Do Hurricanes Cool the Ocean? Here’s How It Works

Yes, hurricanes cool the ocean surface significantly. A typical storm drops sea surface temperatures by around 1 to 5°C, though coastal measurements have recorded an average drop of 6.1°C across dozens of typhoon events, with a maximum of 12.5°C observed after Typhoon Fungwong in 2008. This cooling is visible in satellite imagery as a trail of cold water stretching behind the storm’s path, often called a “cold wake.”

How Hurricanes Pull Cold Water Upward

Two main processes drive the cooling. The first is vertical mixing: a hurricane’s intense winds create powerful shear forces that churn the upper ocean like a blender. This drags cold water from below the surface upward into the warm top layer, cooling the surface while warming the water beneath it. The second is upwelling, where the storm’s rotating winds push surface water outward from the center, forcing deeper, colder water to rise and fill the gap. Both processes work together, with the strongest cooling concentrated near the storm’s center and along its track.

The effect reaches deep. Modeling studies show that a mature hurricane can cool surface water by more than 2°C on a daily average while warming subsurface water by a similar amount. The temperature disruption extends well below the surface layer, with measurable cooling reaching depths beyond 1,000 meters. The boundary between warm surface water and cold deep water, known as the thermocline, gets pushed significantly deeper.

Heavy Rain Can Limit the Cooling

Not every hurricane cools the ocean equally. One surprising factor is the storm’s own rainfall. Fresh rainwater is less dense than saltwater, so heavy downpours can create a lighter layer on top of the ocean that resists mixing. Observations show that weaker storms with high rain rates produce noticeably less surface cooling than similar storms with low rain rates. The freshwater essentially caps the surface, preventing the wind-driven churning from pulling cold water upward as effectively. For stronger hurricanes, the winds are powerful enough to overcome this barrier, but for weaker ones, rainfall can meaningfully dampen the cooling effect.

The Cold Wake Weakens the Storm

Hurricanes run on warm ocean water.
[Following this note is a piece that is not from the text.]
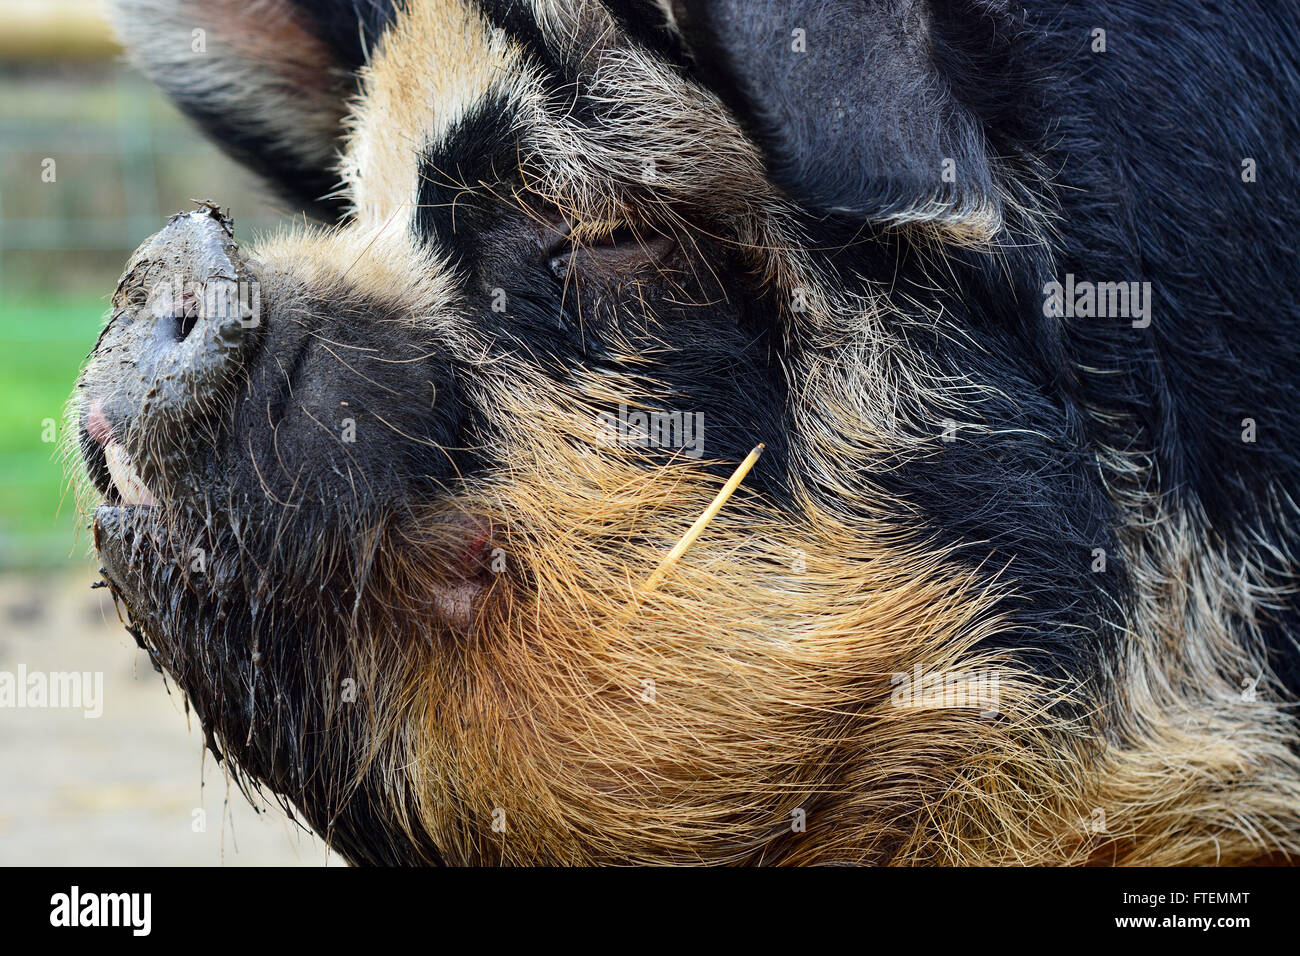 Maiale Kunekune colpo alla testa. Un insolito razza rara di maiale di piccole dimensioni che mostra il dettaglio della testa in profilo, in una fattoria nel Somerset, Regno Unito Foto Stock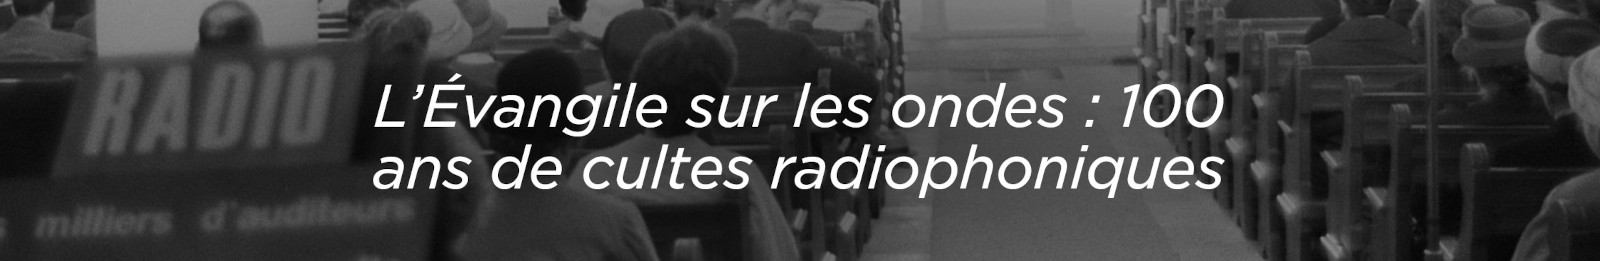 100 ans d'archives radio - découvrez notre webdoc

They intensify by extracting heat energy from the sea surface, so the cooling they create works against them in a negative feedback loop. As the storm churns up colder water beneath it, the temperature difference between the ocean and atmosphere shrinks, reducing the storm’s fuel supply. This effect is especially pronounced when a hurricane slows down. Hurricane Matthew in 2016, for example, rapidly lost intensity when its forward speed dropped, giving its winds more time to mix the upper ocean and cool the surface beneath it.

Forecasters now account for this feedback. Older prediction models used pre-storm sea surface temperatures to estimate a hurricane’s potential strength, which ignored the fact that the storm reshapes its own environment. Newer approaches incorporate the cooling caused by the storm’s own mixing, and this improves intensity forecasts, particularly for slow-moving or powerful hurricanes where the ocean feedback is strongest.

How Long the Cooling Lasts

The cold wake left behind by a hurricane is not a brief blip. These patches of cooler water can cover large areas and persist for a month or longer before the ocean returns to its baseline temperature. During active hurricane seasons, successive storms can encounter cold wakes left by earlier ones, potentially limiting how strong later storms become as they travel similar paths.

Nutrients Rise With the Cold Water

The same upwelling that cools the surface also reshapes ocean biology. Deep water is rich in nutrients that sunlight-dependent organisms need but that are normally trapped far below the surface. When a hurricane pulls this water upward, it triggers blooms of phytoplankton, the microscopic plants at the base of the marine food chain. NASA observations confirm that bigger storms produce larger blooms, and since phytoplankton absorb carbon dioxide as they grow, these post-hurricane blooms temporarily pull carbon out of the atmosphere.

Effects on Ocean Heat Distribution

On a larger scale, hurricanes act as a mixing mechanism for the global ocean. By pumping heat from the surface into deeper water, they redistribute thermal energy vertically. During active hurricane years compared to quiet ones, ocean temperatures at depths of 50 to 100 meters are roughly 0.1°C warmer, reflecting all that surface heat being stirred downward. The surface cools, but the ocean as a whole doesn’t lose that energy. It simply moves it to a place where it interacts with the atmosphere differently, potentially influencing ocean circulation patterns that carry heat from the tropics toward higher latitudes.

So while hurricanes clearly cool the ocean’s surface, the full picture is more of a reshuffling. Heat moves from the top of the water column to deeper layers, nutrients rise to fuel new life, and the storm itself loses strength in the process. The surface cooling is dramatic and measurable, but the energy doesn’t disappear. It just changes address.